__Data provided__.
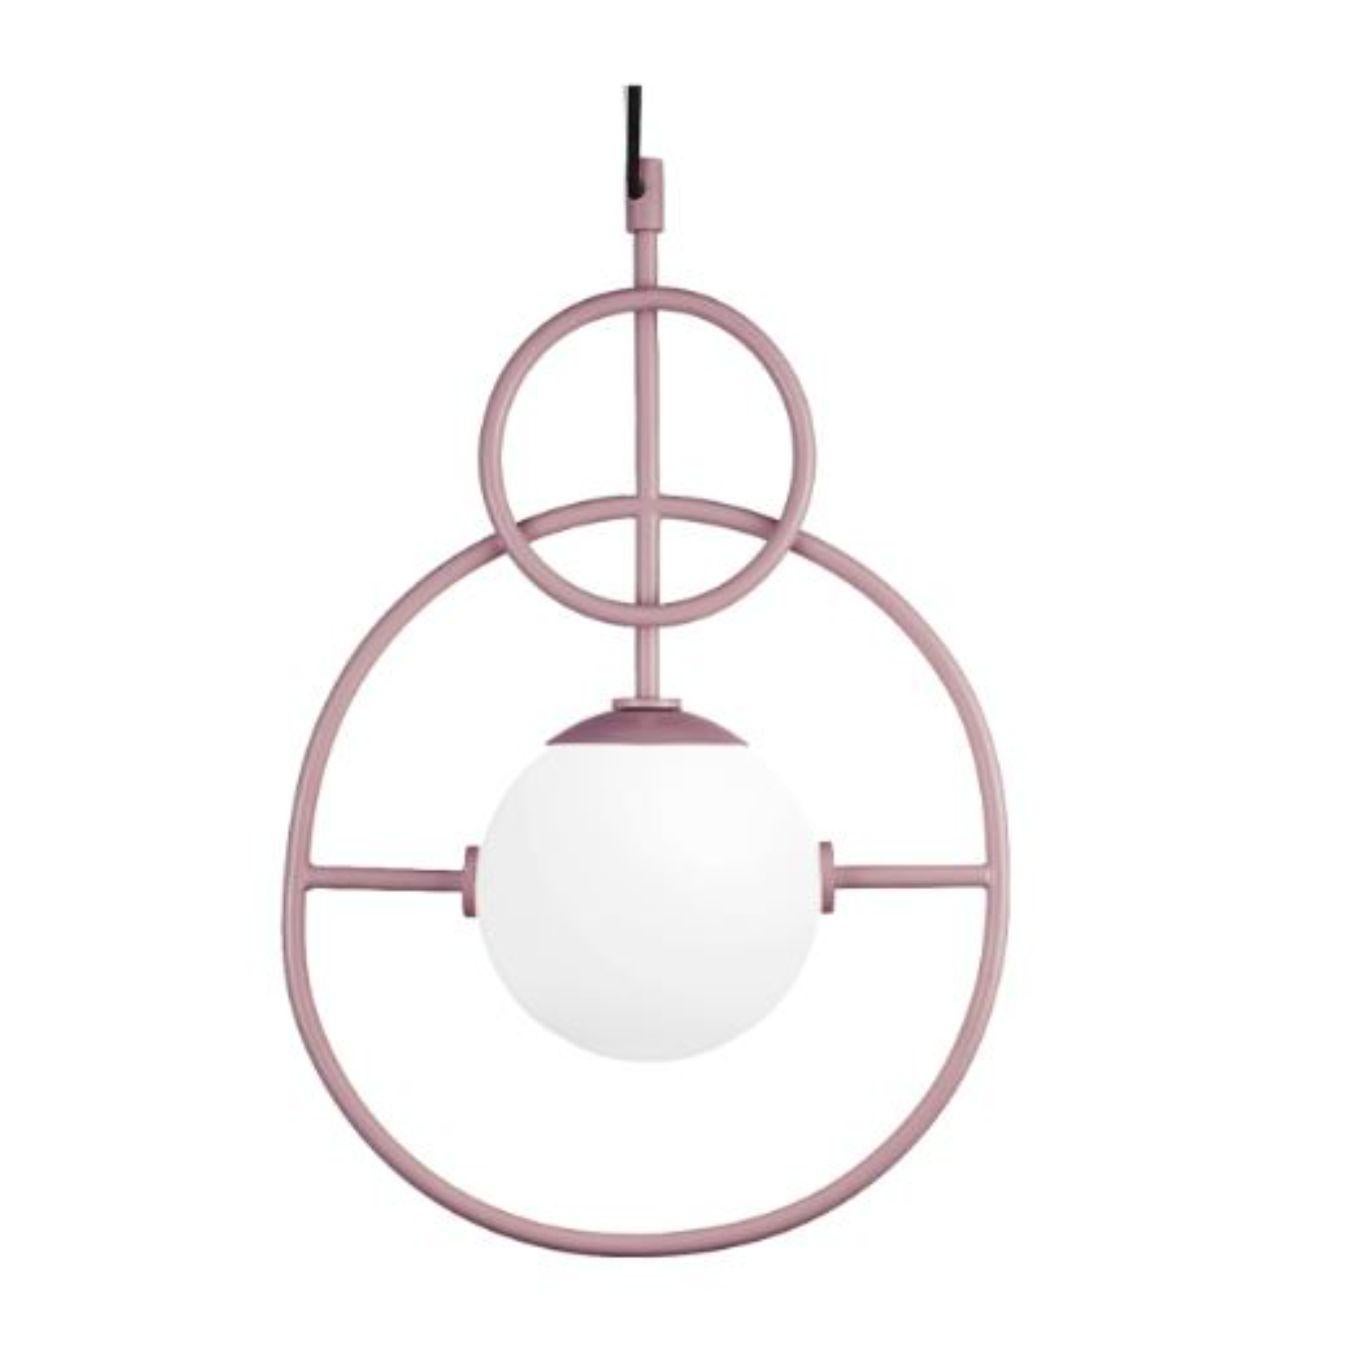 Lilac Loop II suspension lamp by Dooq
Dimensions: W 31 x D 15 x H 47 cm
Materials: lacquered metal, polished or brushed metal.
Also available in different colours and materials.

Information:
230V/50Hz
1 x max. G9
4W LED

120V/60Hz
1 x

__Aim of the exercise__.
The response is the exact set of lines from the one holding "Dimensions: W 31 x D 15 x H 47 cm" through the last line of the material.

__Result of this task__.
Dimensions: W 31 x D 15 x H 47 cm
Materials: lacquered metal, polished or brushed metal.
Also available in different colours and materials.

Information:
230V/50Hz
1 x max. G9
4W LED

120V/60Hz
1 x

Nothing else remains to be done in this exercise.